SBS/Exchange 2003 Open Relay на неверно сформированный адрес электронной почты

Question

SBS/Exchange 2003 Open Relay на неверно сформированный адрес электронной почты

У меня есть Small Business Server 2003 (Exchange 2003 SP2). Во время аудита соответствия PCI он был помечен как сбой открытого реле. Я использовал telnet для тестирования, и вот что я нашел:

 MAIL FROM: <test@test.com>
 250 2.1.0 test@test.com....Sender OK
 RCPT TO: <"relaytest@test.com">
 250 2.1.5 "relaytest@test.com"@mydomain.com

Реле выходит из строя каждый раз, когда адрес искажен.
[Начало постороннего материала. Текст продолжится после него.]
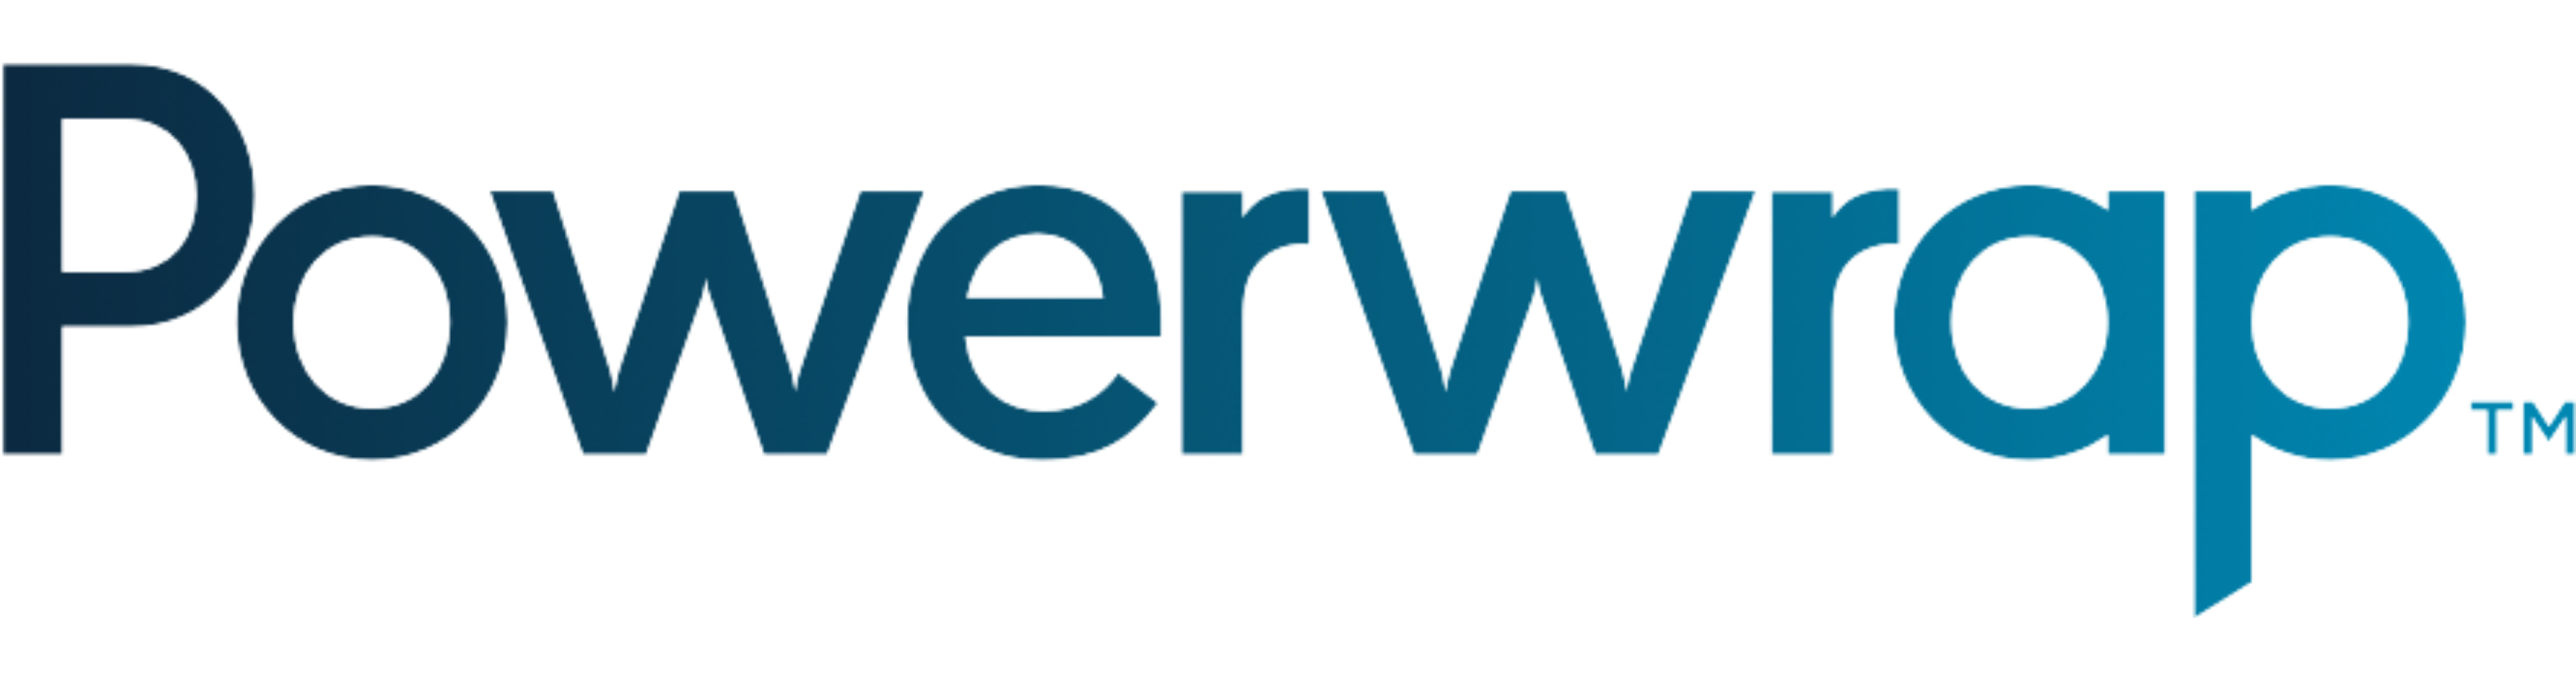 Powerwrap logo
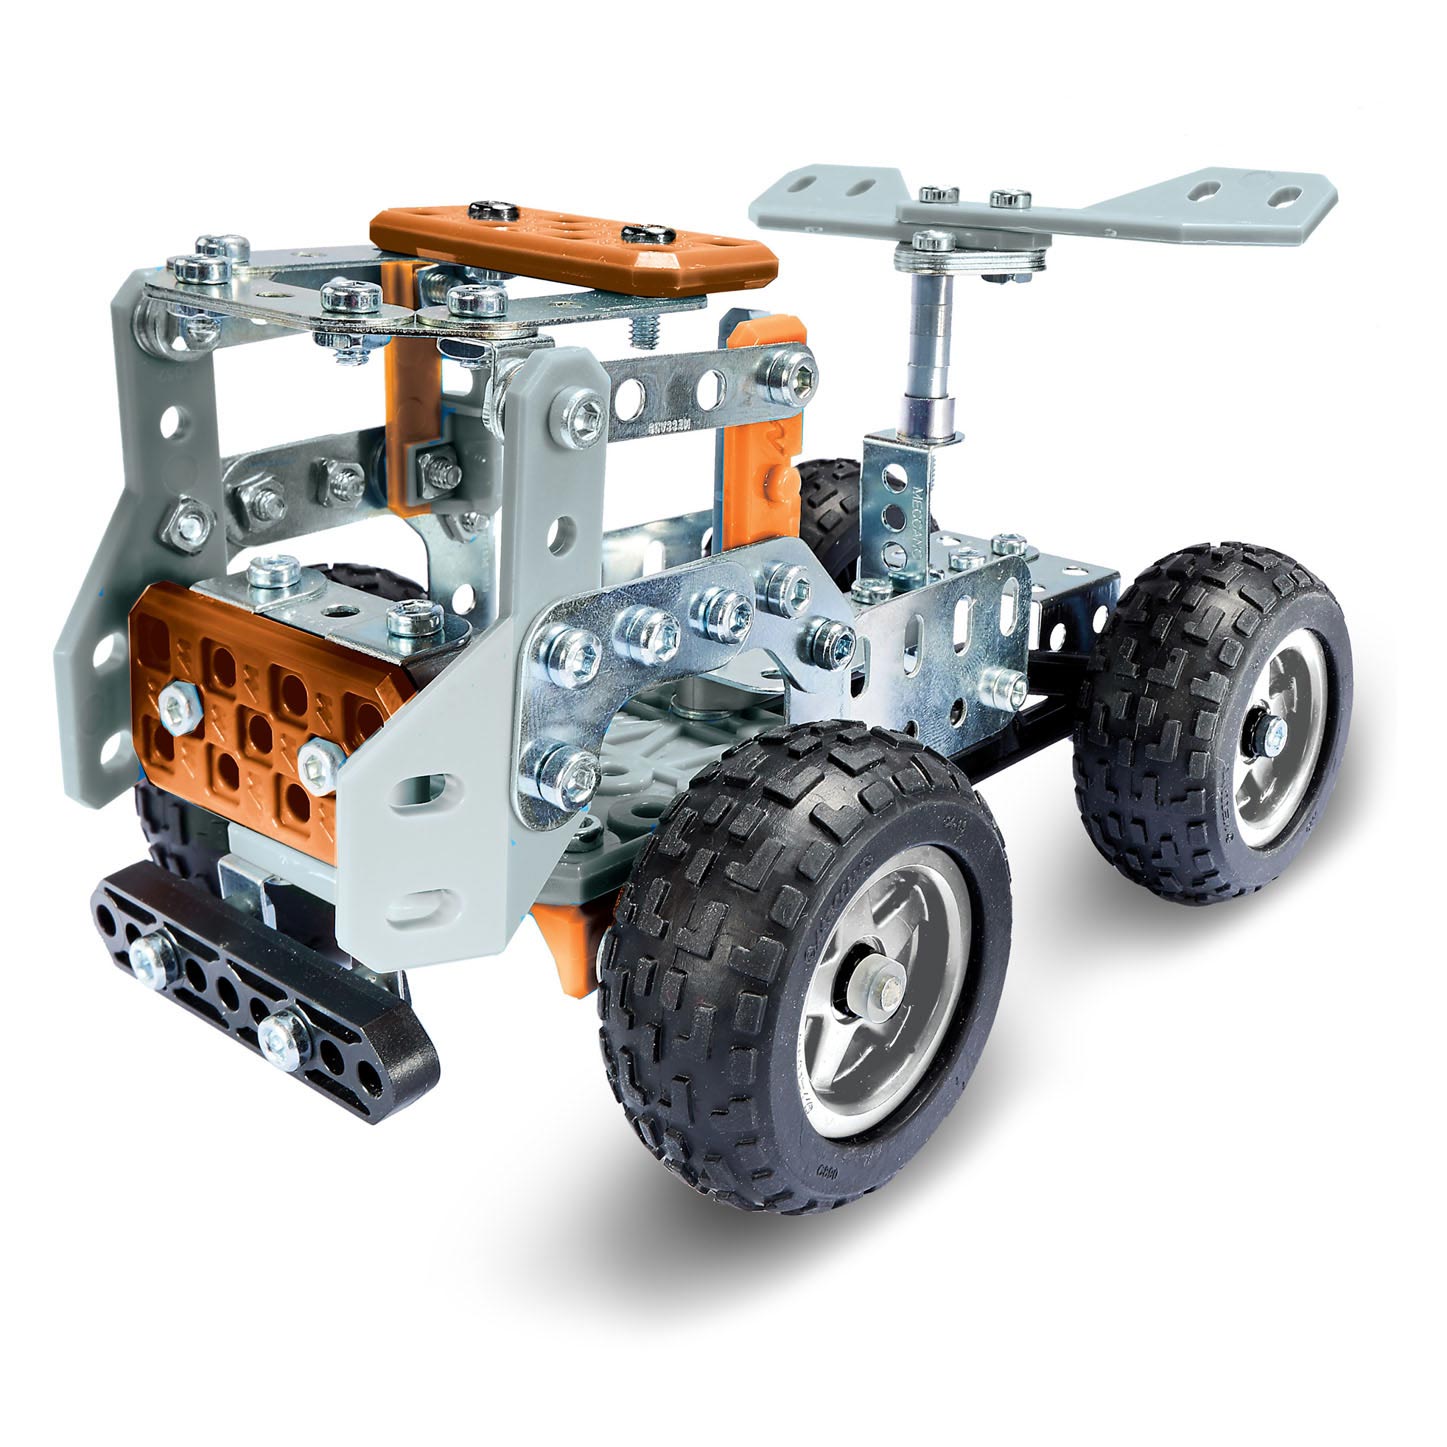 Meccano - Camion de course, kit de construction STEM 15 en 1

Сервер всегда возвращает статус 250, но также всегда добавляет мое доменное имя в конец адреса.

У меня есть сервер, настроенный на ретрансляцию только для внутреннего IP-адреса, настроенного в модуле отчетов об ошибках сайта IIS.

Тестирование с действительным адресом электронной почты (но с искаженными кавычками и угловыми скобками) не привело к получению почты. Есть ли способ использовать это, и если так, как я могу отключить это?

2

smtp exchange-2003

Источник

Dave Simione 30 май '12 в 01:02

1 ответ

Решение

Другие вопросы по тегам smtp exchange-2003

Shane Madden 30 май '12 в 15:46 2012-05-30 15:46 · Accepted Answer · 2012-05-30 15:46

Я бы сказал, что бремя доказывания лежит на них - они должны продемонстрировать, что это действительно относится к инкапсулированному адресу, чтобы это было уязвимостью.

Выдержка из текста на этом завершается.